__TASK BRIEF__
In the listing below, print exactly the lines between the line holding "В Турции ужесточат" and the line holding "Elvis Rojas Rojas", inclusive, and no more.

__SOURCE DATA__
================================
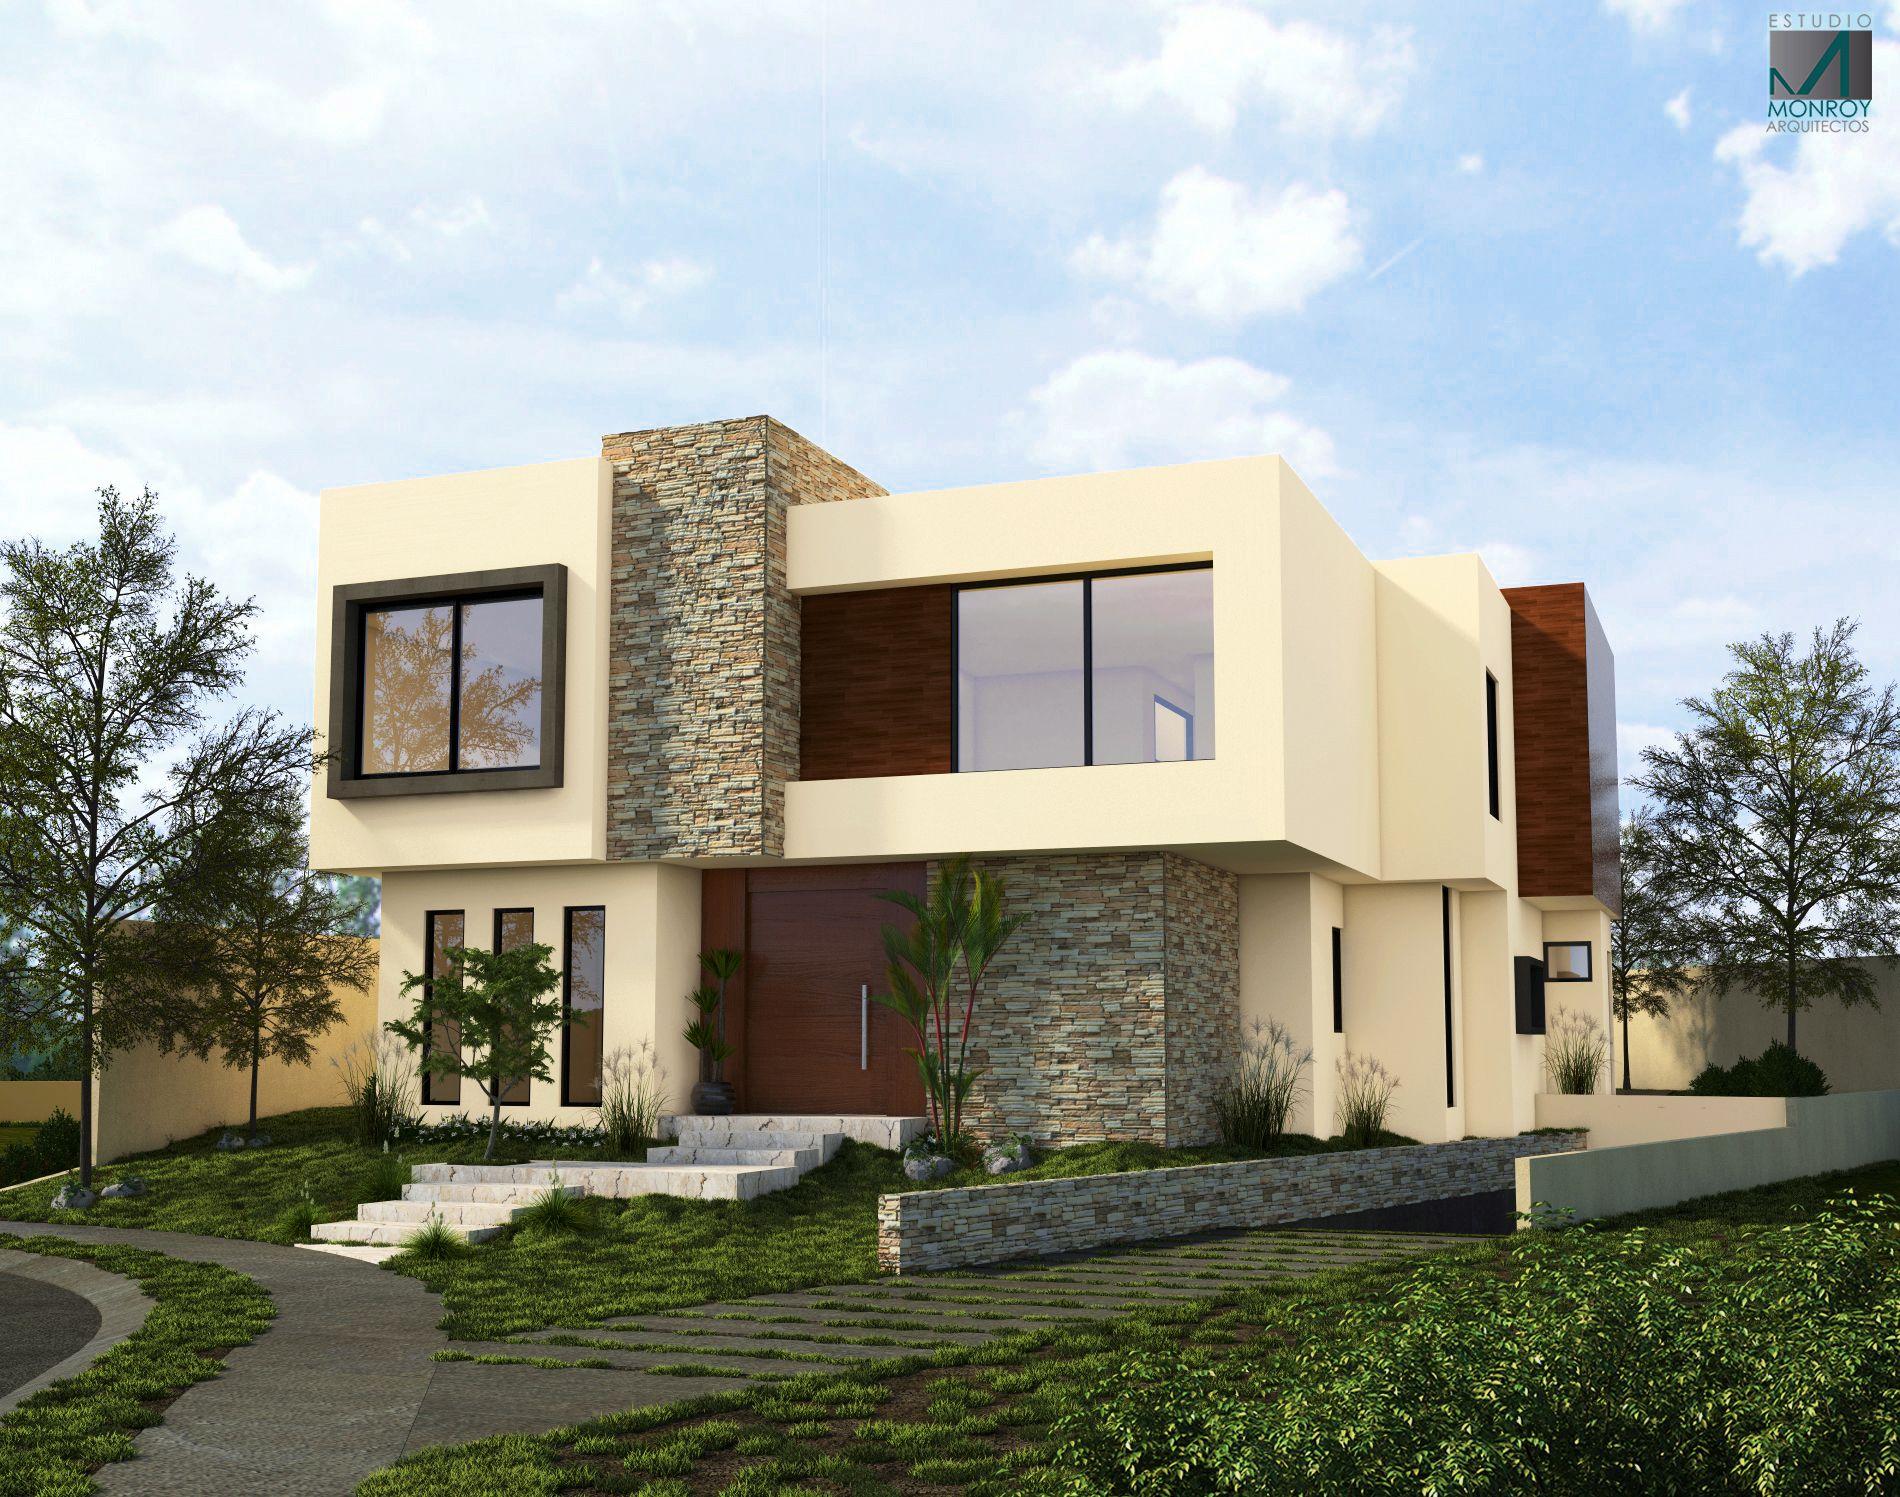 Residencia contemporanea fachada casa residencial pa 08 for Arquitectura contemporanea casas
================================
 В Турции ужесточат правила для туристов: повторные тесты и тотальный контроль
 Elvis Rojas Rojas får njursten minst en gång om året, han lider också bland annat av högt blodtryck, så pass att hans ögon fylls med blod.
================================
__RESULT OF THIS EXERCISE__
 В Турции ужесточат правила для туристов: повторные тесты и тотальный контроль
 Elvis Rojas Rojas får njursten minst en gång om året, han lider också bland annat av högt blodtryck, så pass att hans ögon fylls med blod.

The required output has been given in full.